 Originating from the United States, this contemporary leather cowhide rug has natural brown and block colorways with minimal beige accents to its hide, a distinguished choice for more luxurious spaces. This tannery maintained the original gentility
---
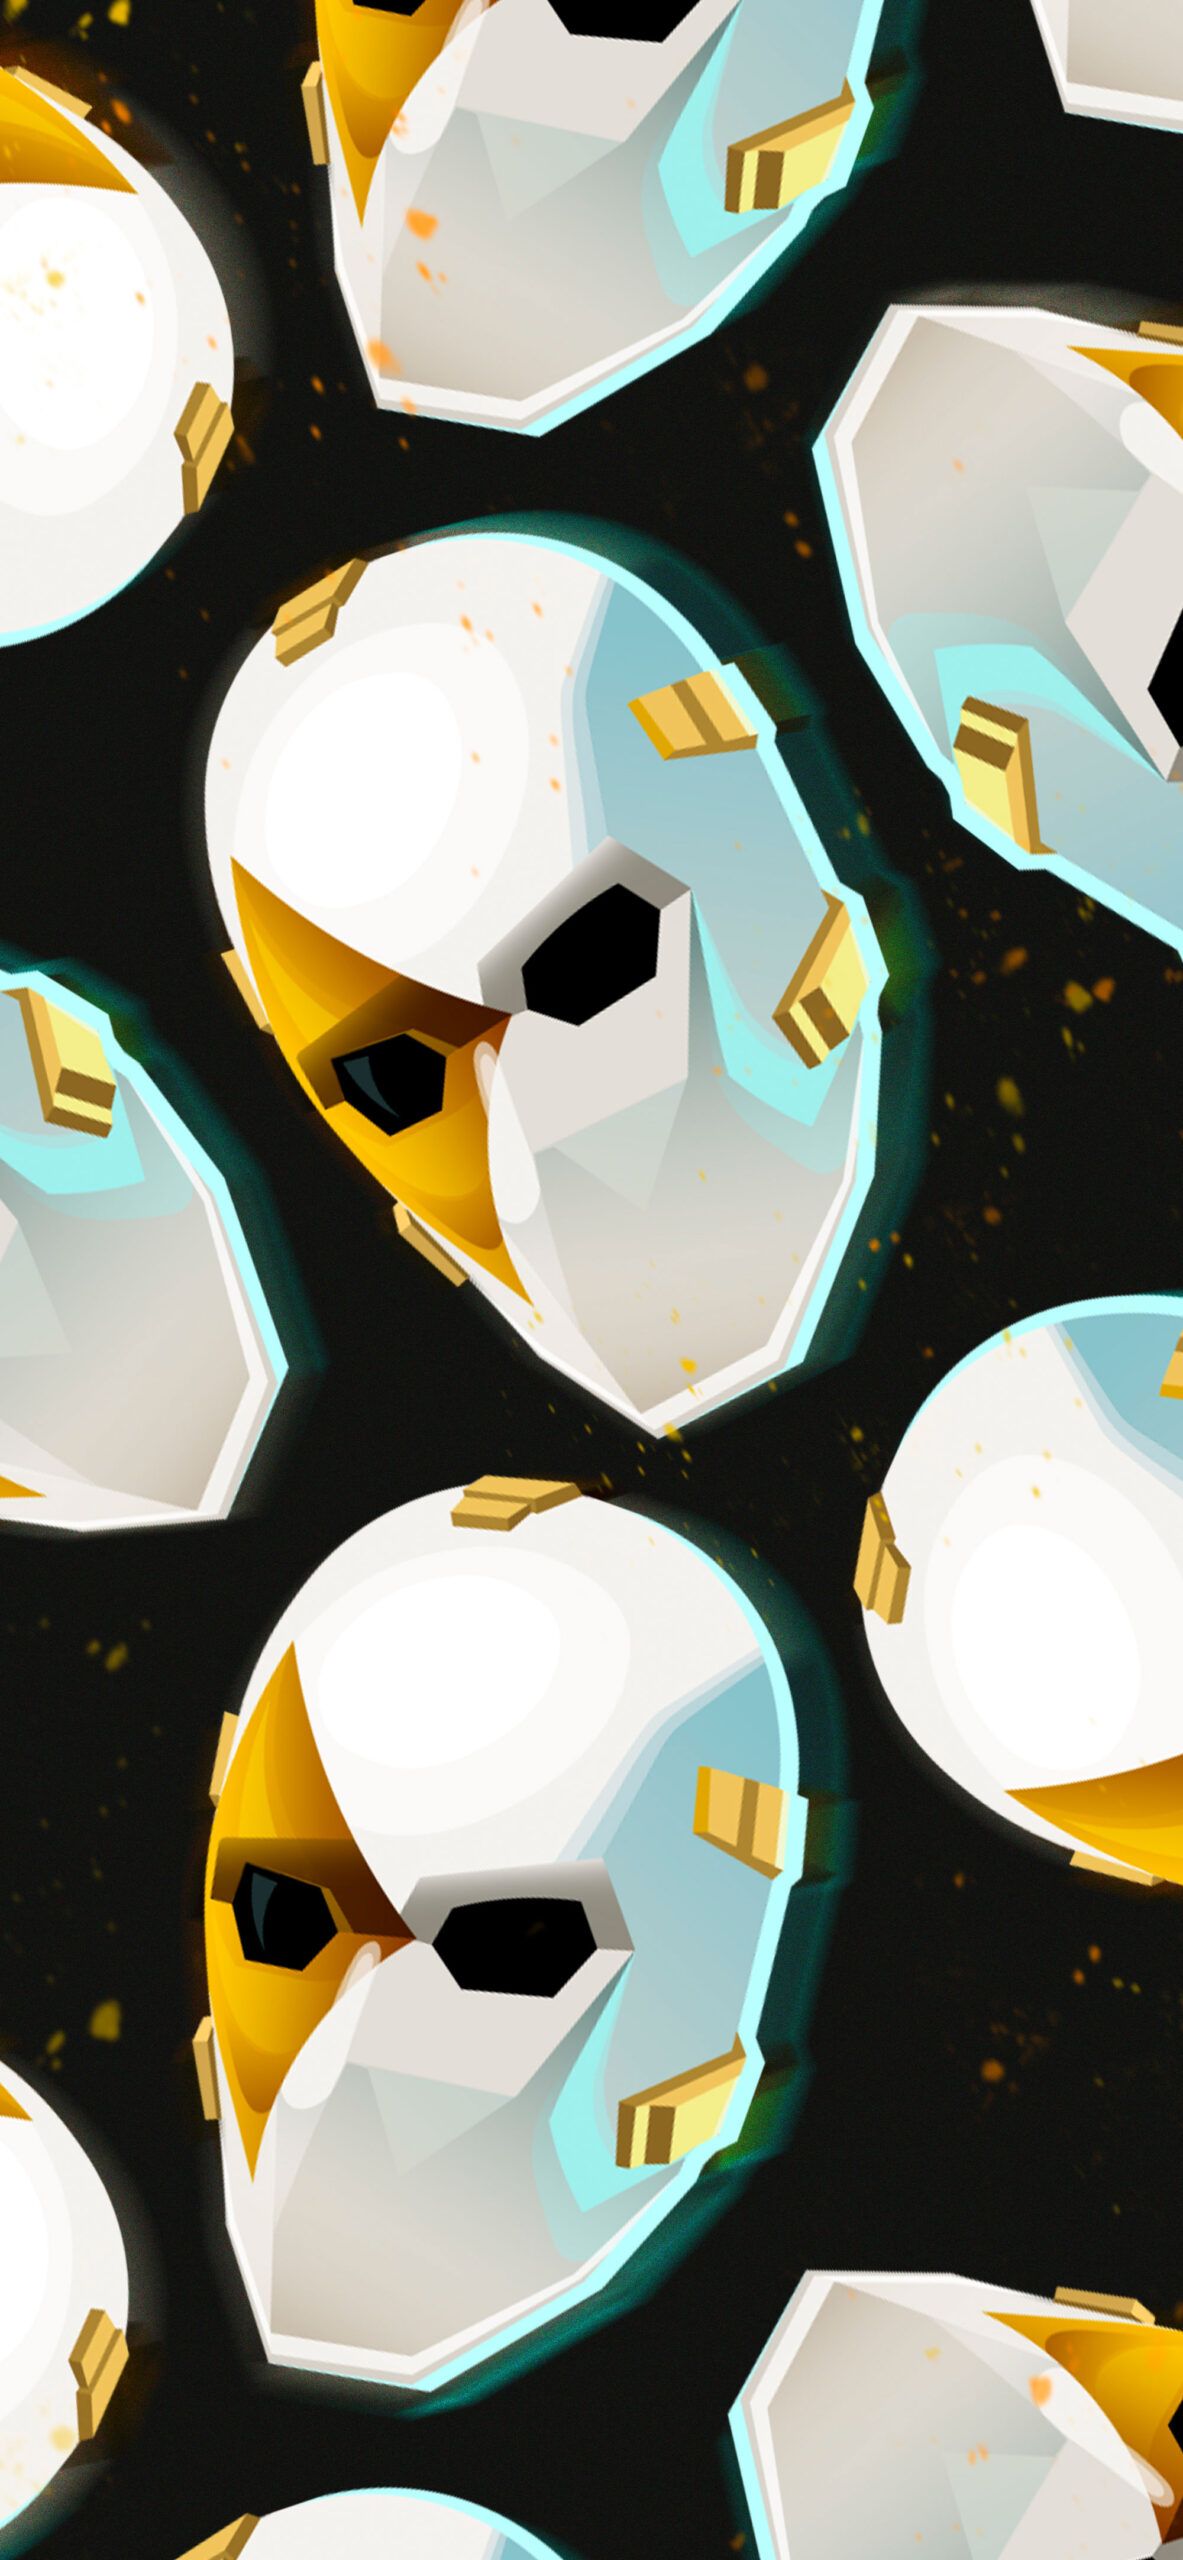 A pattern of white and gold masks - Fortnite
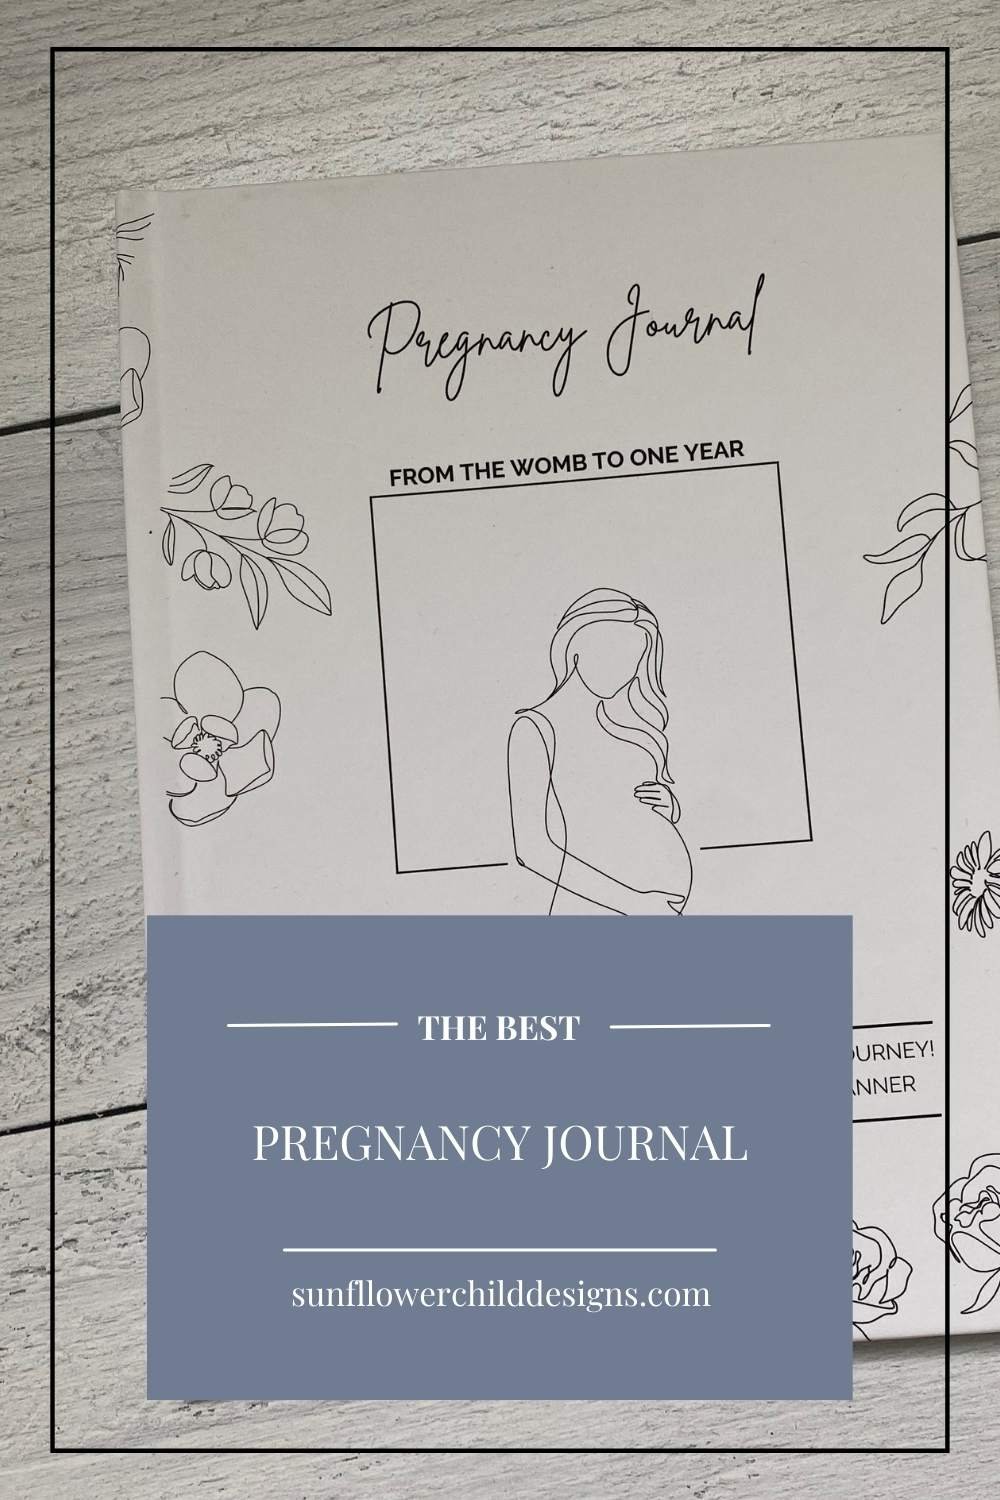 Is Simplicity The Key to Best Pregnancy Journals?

### WHAT TO WORK ON
Set down, exactly as written above, each line from the one with "A pattern of white and gold masks - Fortnite" through the one with "Is Simplicity The", and skip the pictures.

### RESPONSE TO THIS EXERCISE
 A pattern of white and gold masks - Fortnite
 Is Simplicity The Key to Best Pregnancy Journals?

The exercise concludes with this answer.